Scattered among the young, tweed-jacketed Columbia preppies and the scruffy graduate students were a number of middle-aged clean-shaven gentlemen with clerical collars—obviously visitors from Union Theological Seminary across the road.
There was a murmur in the classroom, and then a sudden hush as a tall, angular, silver-haired form glided through the door and up to the podium.
Professor Aaron Beller, M.D., Ph.D., eyed his potential victims with a Mephistophelian grin—especially those of us in the back row, those who by sitting as distant from him as possible had betrayed ourselves as the most afraid of his ideas.
“In order to avoid harming the more susceptible among you,” he began, “perhaps I should explain the philosophy of the course. I think my course should carry a warning analogous to the one on a package of cigarettes. It can be dangerous to your mental health. My psychiatric training has confirmed my opinion that man created God—not vice versa.”
He leaned forward on the podium and gave us all a conspiratorial glance.
“Now to the unspoken secret of all religions.” He paused. “In one way or another, man reaches out to God through sexuality.”

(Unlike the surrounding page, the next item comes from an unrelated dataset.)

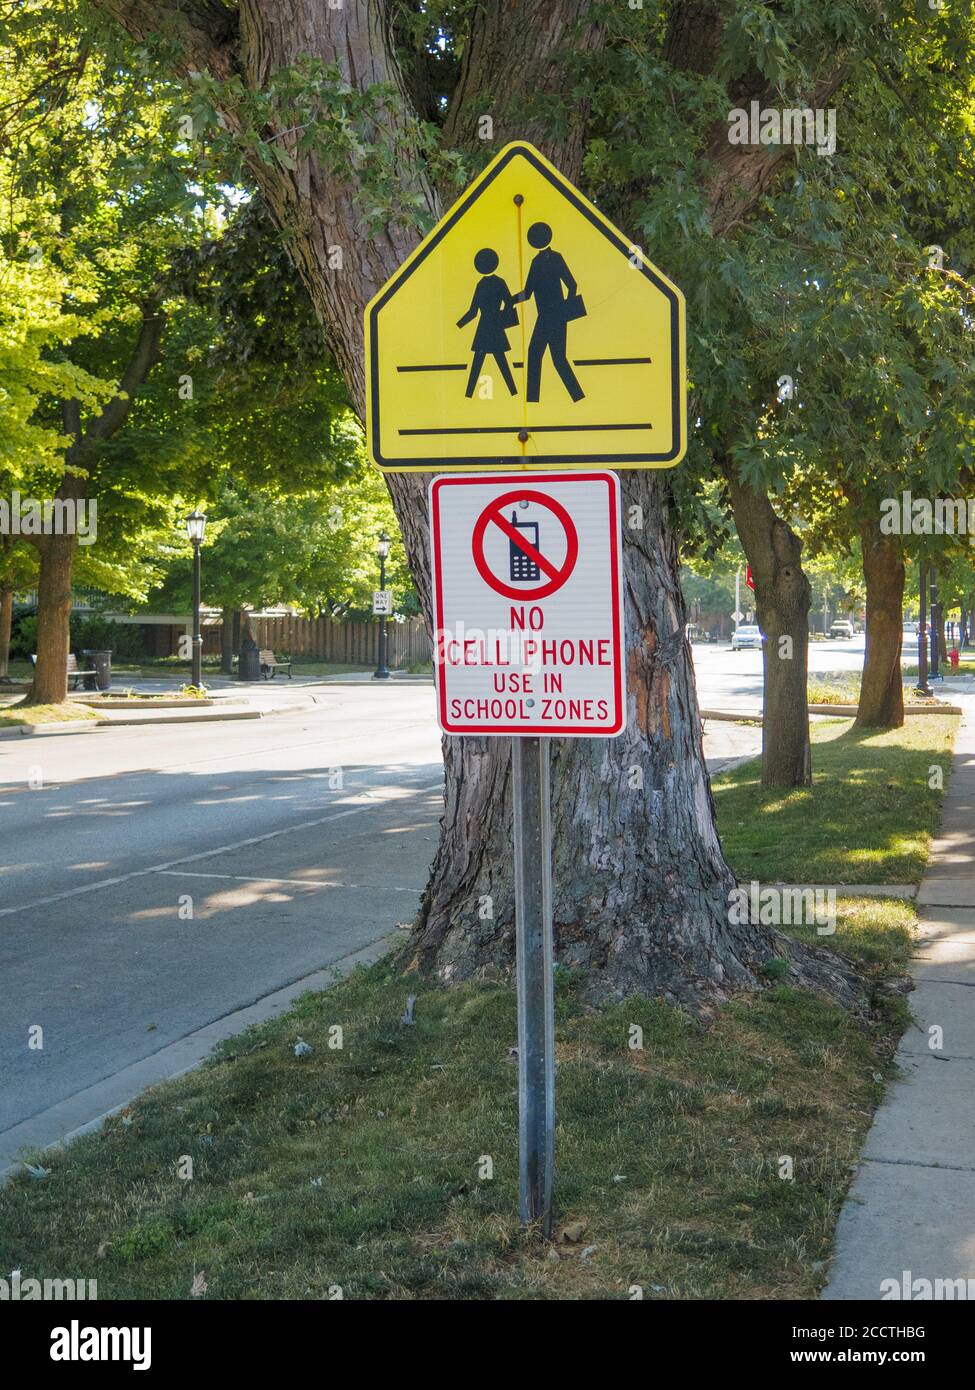 Traversée scolaire et pas d'utilisation de pone cellulaire dans les panneaux routiers de la zone scolaire. Forest Park, Illinois. Banque D'Images

The class started to percolate.
“Even during the reign of King David,” Beller continued, “a full five centuries after Moses received the Ten Commandments, Jews still worshiped an ‘Earth Mother,’ as well as Baal, her phallic consort. These were religions whose rites included sacred prostitution.”
At this point the members of the small Orthodox platoon rose to their feet. I recognized their leader as my stocky, full-bearded classmate Wolf Lifshitz, who began to stamp angrily out of the room.
“Hold it!” Beller commanded.
They stopped in their tracks.
He addressed them calmly. “My aim is to inform, not offend. Can you tell me what I’ve said that you find so unacceptable?”
The students exchanged looks, each hoping the other would act as spokesman. Finally, Lifshitz inflated his barrel chest and replied, “You’re blaspheming our religion.”
“Am I?” Beller asked. “Does your religion regard truth as blasphemous?”
“What you’re saying isn’t true,” Lifshitz protested.
“Can you be more specific?”
Wolfs whole face went crimson. “What you said about … sacred prostitution.”
“I’m sure your Hebrew’s far better than mine,” Beller replied. “But would you translate the word kodesh for the benefit of some of the others present?”
Wolf answered warily. “It means … ‘holiness,’ ‘sanctity.’ It can even refer to the holy Temple.”
“Very good,” Beller commented. “And do you know what the obviously related words kadesh and kedeshah mean?”
A look of worry passed over Lifshitz’s face. He murmured something to one of his companions, then turned back and answered, “Well, obviously, it’s something to do with holiness.”
“Indeed it is.” Beller smiled triumphantly. “They are the Hebrew words for sacred prostitutes—male and female—in the worship of Baal and Astarte.”
Rage flushed his face as Lifshitz again took the initiative. “Where do you find such words in the Bible?”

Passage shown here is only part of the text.